Honestly, my dad didn’t sire a moron. It’s just that he never asked me or any of his other kids, all daughters, to do the mowing, nor did he show us how. He would have been ashamed, my mother says, for the neighbors to see teenage girls doing a man’s job.
Then I grew up and had landlords, and then a boyfriend. A true friend is one who will 1) mow your lawn and 2) help you move house.
Well, you learn something new every day, so I guessed my mower wouldn’t start in the middle of the grass because it WASN’T GETTING ENOUGH AIR in its CHOKE, and sure enough it started up roaring after it was back on the asphalt, and I felt like a genius. I knew about the CHOKE because 30 years ago I regularly drove a ’64 Chrysler that wouldn’t start unless I put my finger down its choke.
The Divine lawn has five sections, three of them sloped. Beginning the mowing on a slope was a mistake.

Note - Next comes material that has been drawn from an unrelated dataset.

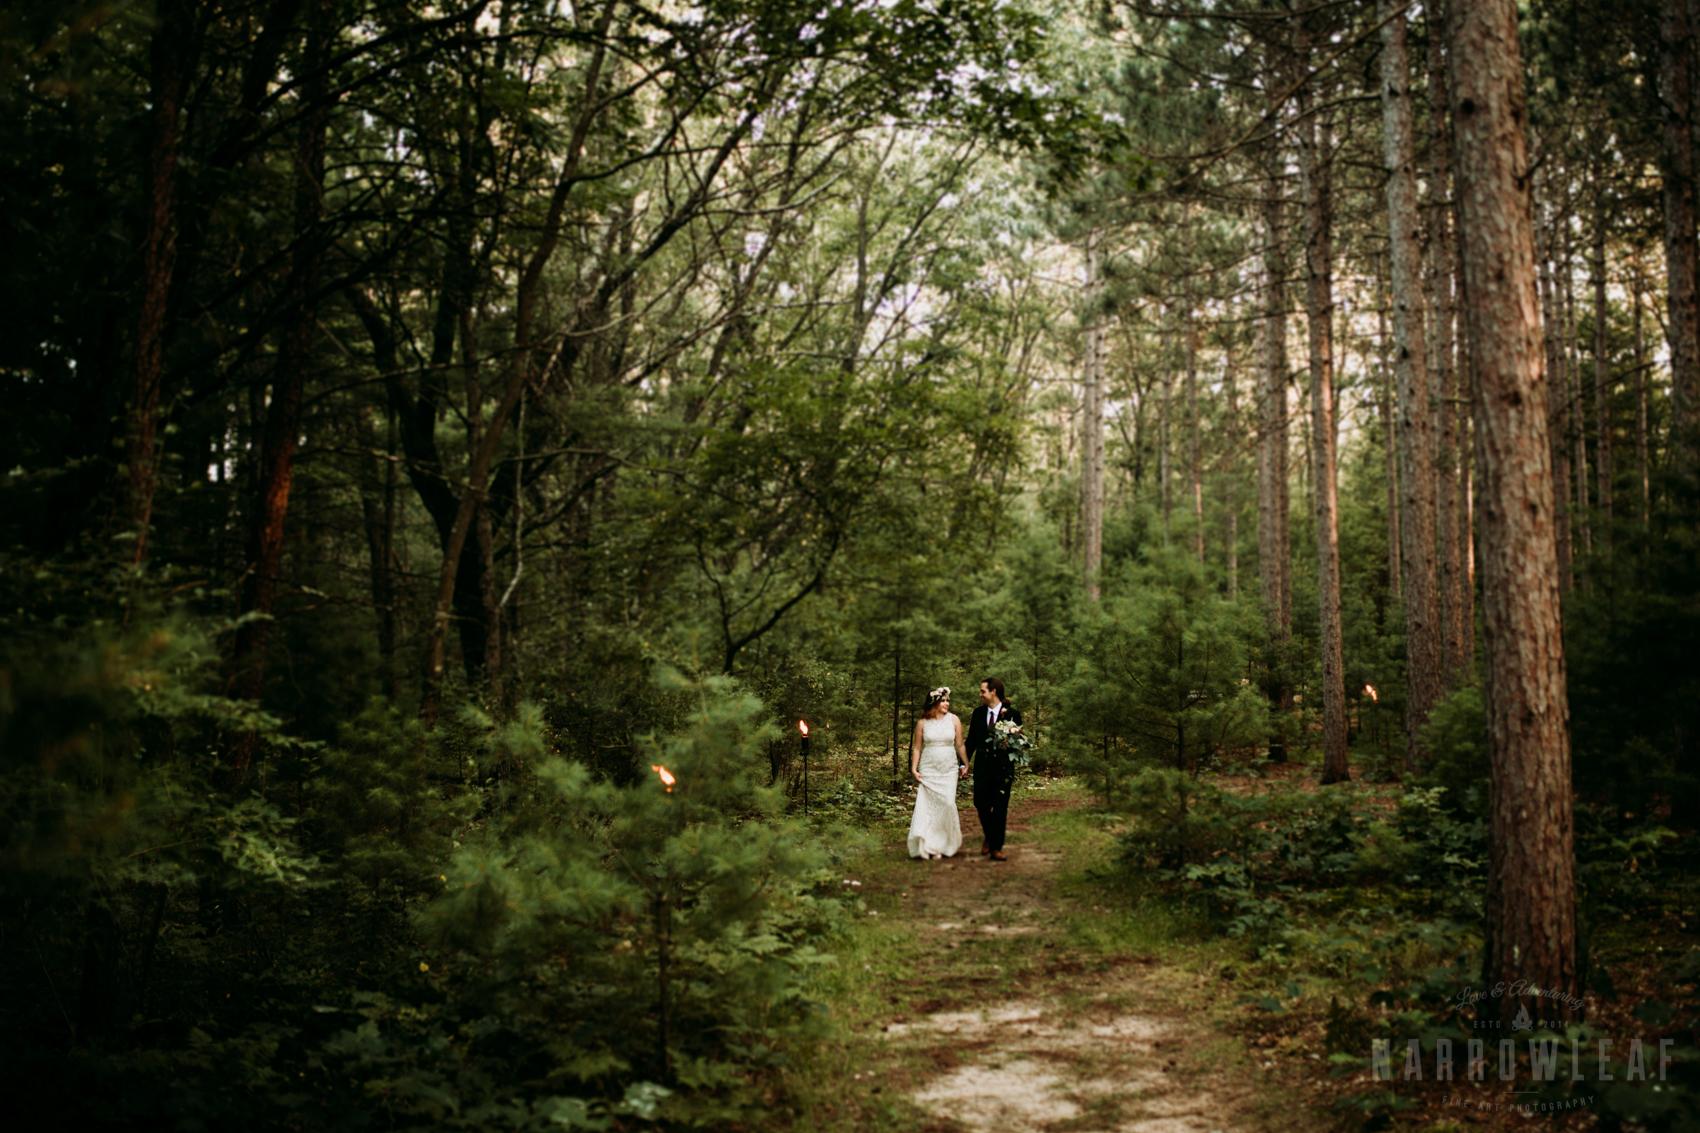 woodsy-bride-groom-romantic-sunset-burlap-and-bells-wi-Narrowleaf-Adventure-Photography-10.jpg

Certain bare patches were thick with dry oak leaves matted up like corrugated cardboard. Boldly mowing right through them spawned a ferocious dust storm. After several of those, the mower quit, and I guessed at once that I had abused its air filter. The filter sits on the top of the mower, in a closed and fitted black plastic case, and I still can’t see how air ever gets in there. But after securing a dime to unscrew its top I got mentally lost in the beauty of the coin, and in the many reasons why I admire FDR, and then in contemplating, really for the first time, the torch and plants on the coin’s reverse. Then I removed the top of the case and rinsed out the air filter. I left it to dry in the sun on top of the pumphouse and quit for the day.
A pow’ful ornery attack of hay fever laid me out flat the next day, and that’s why there aren’t any Rugged Rural Missouri blog entries between May 19 and June 2. My mowing ensemble had included sturdy shoes and protective eyewear (“eyewear”? What a word!) but not a breathing mask. God, how stupid I was two weeks ago compared to how smart I am today.